_Work request:_ In the entries that follow, the first line to write out is the one containing "対処する未払い設計OverLay Magic for", and the last is the one containing "軍シェルター笑い2セット、白". Reproduce that stretch exactly, with nothing before or after it.

Items from a dataset
☆ ☆ ☆ ☆ ☆ ☆ ☆

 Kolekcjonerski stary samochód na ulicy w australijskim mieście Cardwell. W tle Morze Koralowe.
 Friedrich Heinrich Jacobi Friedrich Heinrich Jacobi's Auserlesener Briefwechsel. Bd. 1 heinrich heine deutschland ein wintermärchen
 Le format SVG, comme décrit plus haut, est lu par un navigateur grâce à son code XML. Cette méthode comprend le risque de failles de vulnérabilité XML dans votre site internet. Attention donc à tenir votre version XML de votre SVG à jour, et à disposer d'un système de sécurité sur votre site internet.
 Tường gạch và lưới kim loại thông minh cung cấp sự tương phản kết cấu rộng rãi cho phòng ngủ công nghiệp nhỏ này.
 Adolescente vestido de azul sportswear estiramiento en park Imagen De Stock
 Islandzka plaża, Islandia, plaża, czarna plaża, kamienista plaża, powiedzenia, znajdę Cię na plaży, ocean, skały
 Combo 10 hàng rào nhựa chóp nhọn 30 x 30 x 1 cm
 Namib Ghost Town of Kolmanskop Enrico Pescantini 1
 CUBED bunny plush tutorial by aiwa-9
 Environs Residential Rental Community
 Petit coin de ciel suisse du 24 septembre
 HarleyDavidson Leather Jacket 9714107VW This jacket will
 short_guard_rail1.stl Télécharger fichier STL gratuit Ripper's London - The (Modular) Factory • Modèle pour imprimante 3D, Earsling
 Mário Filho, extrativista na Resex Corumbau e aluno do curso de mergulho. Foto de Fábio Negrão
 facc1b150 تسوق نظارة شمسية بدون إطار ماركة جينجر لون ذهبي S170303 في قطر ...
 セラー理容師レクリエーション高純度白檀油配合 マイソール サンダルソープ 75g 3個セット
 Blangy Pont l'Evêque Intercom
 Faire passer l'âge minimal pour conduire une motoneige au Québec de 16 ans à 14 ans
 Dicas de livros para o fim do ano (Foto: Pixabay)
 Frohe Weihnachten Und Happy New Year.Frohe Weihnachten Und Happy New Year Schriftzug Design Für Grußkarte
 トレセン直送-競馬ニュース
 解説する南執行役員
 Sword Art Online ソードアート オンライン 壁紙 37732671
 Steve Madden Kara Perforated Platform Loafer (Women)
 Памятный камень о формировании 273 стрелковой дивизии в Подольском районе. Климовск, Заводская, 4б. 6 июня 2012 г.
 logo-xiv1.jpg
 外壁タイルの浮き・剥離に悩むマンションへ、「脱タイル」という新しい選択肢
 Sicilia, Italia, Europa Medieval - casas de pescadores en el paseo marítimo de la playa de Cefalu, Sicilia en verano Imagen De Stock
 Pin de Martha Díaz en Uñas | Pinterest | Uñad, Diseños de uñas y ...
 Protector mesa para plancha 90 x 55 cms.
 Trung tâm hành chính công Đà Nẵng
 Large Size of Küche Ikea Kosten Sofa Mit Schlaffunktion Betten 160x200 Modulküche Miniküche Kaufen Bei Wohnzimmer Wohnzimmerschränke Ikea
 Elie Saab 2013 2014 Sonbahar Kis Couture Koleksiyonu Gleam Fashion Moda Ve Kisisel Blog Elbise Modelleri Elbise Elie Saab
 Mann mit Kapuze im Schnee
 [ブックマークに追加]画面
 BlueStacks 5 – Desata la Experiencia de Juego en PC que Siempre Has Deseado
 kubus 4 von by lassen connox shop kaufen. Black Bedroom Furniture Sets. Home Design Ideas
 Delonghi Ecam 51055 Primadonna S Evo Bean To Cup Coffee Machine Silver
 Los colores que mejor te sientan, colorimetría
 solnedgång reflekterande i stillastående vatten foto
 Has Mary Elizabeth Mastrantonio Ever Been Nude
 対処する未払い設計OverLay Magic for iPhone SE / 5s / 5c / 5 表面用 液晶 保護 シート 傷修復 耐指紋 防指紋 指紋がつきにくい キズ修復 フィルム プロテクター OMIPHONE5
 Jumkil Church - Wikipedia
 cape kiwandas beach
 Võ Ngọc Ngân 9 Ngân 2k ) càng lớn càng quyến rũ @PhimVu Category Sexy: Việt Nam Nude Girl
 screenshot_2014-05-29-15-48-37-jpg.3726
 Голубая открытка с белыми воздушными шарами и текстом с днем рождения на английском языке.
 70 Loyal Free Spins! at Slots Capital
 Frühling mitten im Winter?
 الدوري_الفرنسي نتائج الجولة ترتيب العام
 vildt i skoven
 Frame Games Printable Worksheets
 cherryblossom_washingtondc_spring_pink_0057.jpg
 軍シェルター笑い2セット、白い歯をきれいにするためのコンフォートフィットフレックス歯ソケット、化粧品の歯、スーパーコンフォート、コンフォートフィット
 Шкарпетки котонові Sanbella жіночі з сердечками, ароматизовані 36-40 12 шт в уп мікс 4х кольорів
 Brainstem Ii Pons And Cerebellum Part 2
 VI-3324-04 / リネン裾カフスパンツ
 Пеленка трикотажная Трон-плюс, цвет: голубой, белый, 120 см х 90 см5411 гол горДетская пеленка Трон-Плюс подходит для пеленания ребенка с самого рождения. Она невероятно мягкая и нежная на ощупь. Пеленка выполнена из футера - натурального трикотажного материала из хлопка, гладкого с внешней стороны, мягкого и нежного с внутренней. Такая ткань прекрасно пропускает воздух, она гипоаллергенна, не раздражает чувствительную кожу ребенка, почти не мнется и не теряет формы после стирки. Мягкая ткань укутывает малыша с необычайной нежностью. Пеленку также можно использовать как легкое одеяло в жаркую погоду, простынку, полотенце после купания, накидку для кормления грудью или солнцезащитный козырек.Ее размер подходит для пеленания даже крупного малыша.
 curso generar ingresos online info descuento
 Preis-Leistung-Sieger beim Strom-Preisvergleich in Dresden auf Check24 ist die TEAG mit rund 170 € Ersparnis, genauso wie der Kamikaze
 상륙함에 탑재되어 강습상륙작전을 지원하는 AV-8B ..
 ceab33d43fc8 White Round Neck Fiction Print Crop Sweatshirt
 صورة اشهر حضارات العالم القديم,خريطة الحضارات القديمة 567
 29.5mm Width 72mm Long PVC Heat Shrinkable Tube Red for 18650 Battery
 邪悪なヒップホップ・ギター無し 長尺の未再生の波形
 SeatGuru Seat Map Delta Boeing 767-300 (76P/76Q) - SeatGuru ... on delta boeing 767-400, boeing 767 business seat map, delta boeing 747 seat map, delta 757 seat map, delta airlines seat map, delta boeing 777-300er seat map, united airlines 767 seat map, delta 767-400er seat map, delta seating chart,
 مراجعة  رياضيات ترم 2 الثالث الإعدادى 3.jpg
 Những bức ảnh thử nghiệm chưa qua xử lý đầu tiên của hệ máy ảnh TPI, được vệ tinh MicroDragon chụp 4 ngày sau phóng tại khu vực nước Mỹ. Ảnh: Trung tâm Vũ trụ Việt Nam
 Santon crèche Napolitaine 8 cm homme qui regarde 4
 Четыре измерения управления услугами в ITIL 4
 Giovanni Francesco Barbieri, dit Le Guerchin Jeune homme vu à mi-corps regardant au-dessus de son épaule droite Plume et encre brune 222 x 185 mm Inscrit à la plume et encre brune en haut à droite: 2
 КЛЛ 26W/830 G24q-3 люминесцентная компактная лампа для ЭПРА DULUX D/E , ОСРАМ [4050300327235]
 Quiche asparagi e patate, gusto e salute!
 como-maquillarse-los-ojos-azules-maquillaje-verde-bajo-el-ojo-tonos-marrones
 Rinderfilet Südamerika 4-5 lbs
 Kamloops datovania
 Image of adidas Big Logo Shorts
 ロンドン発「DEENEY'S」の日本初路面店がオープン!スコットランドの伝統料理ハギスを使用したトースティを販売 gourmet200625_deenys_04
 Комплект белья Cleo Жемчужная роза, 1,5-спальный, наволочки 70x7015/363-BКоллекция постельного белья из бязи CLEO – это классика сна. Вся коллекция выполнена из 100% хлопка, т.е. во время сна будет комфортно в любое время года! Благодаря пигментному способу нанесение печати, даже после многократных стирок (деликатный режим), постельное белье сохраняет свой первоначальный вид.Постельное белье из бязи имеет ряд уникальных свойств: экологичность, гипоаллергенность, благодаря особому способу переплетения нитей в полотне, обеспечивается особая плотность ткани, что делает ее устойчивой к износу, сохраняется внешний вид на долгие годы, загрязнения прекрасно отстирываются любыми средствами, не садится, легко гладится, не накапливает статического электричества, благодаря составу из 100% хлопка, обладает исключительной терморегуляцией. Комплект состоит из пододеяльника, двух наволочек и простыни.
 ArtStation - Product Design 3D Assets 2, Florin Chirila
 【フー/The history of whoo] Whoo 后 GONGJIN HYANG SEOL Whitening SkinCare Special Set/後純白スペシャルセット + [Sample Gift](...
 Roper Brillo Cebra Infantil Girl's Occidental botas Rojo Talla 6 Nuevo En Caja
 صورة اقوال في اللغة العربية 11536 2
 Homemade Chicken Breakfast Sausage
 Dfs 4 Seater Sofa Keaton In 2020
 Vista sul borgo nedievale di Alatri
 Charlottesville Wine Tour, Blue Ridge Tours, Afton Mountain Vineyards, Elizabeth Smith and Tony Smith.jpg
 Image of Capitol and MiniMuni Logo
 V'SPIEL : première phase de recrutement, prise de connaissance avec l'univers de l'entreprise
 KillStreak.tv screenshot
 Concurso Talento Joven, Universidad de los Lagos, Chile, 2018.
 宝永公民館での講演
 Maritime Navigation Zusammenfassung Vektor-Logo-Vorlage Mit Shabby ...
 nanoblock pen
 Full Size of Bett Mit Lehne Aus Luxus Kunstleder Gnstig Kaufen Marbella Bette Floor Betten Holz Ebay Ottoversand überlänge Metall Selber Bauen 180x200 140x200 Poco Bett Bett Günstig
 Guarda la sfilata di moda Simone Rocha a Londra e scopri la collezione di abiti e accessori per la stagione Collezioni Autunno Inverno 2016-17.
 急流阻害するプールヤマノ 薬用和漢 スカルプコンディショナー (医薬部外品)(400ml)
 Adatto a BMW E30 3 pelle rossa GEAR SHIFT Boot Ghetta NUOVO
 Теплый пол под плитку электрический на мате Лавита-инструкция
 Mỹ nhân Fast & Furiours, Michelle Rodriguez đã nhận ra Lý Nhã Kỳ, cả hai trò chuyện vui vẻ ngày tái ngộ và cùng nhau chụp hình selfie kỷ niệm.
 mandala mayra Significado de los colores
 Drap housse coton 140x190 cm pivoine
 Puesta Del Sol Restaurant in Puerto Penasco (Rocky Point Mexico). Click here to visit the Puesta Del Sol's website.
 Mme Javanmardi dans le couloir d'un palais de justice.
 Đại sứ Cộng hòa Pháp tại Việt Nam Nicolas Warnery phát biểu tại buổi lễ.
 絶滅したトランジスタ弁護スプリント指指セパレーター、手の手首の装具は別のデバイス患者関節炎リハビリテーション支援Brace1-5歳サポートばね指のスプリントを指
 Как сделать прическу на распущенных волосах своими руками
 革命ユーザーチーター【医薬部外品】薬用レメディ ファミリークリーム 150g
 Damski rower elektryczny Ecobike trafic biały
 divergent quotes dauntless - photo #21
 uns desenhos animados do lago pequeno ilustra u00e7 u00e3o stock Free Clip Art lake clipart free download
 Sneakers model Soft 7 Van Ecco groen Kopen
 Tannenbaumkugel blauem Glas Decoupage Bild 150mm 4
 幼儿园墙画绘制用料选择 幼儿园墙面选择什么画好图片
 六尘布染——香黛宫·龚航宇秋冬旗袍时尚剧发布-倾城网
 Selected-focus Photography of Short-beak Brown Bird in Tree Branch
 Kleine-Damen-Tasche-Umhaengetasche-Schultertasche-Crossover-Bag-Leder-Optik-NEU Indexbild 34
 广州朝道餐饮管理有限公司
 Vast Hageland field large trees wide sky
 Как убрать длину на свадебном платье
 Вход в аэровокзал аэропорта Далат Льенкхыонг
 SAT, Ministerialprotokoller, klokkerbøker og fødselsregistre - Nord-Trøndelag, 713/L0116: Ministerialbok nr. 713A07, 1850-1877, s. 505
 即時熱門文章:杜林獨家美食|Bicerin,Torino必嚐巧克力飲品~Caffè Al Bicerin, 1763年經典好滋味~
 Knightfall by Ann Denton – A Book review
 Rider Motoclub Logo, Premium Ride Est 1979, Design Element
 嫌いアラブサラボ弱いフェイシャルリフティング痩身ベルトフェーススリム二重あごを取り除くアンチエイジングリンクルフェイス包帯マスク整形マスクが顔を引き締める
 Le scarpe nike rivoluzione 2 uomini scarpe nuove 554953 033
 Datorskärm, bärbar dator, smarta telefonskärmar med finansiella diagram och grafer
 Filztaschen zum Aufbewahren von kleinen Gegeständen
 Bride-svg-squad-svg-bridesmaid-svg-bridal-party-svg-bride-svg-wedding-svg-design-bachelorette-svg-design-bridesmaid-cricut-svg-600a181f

☆ ☆ ☆ ☆ ☆ ☆ ☆

_Your solution:_
 対処する未払い設計OverLay Magic for iPhone SE / 5s / 5c / 5 表面用 液晶 保護 シート 傷修復 耐指紋 防指紋 指紋がつきにくい キズ修復 フィルム プロテクター OMIPHONE5
 Jumkil Church - Wikipedia
 cape kiwandas beach
 Võ Ngọc Ngân 9 Ngân 2k ) càng lớn càng quyến rũ @PhimVu Category Sexy: Việt Nam Nude Girl
 screenshot_2014-05-29-15-48-37-jpg.3726
 Голубая открытка с белыми воздушными шарами и текстом с днем рождения на английском языке.
 70 Loyal Free Spins! at Slots Capital
 Frühling mitten im Winter?
 الدوري_الفرنسي نتائج الجولة ترتيب العام
 vildt i skoven
 Frame Games Printable Worksheets
 cherryblossom_washingtondc_spring_pink_0057.jpg
 軍シェルター笑い2セット、白い歯をきれいにするためのコンフォートフィットフレックス歯ソケット、化粧品の歯、スーパーコンフォート、コンフォートフィット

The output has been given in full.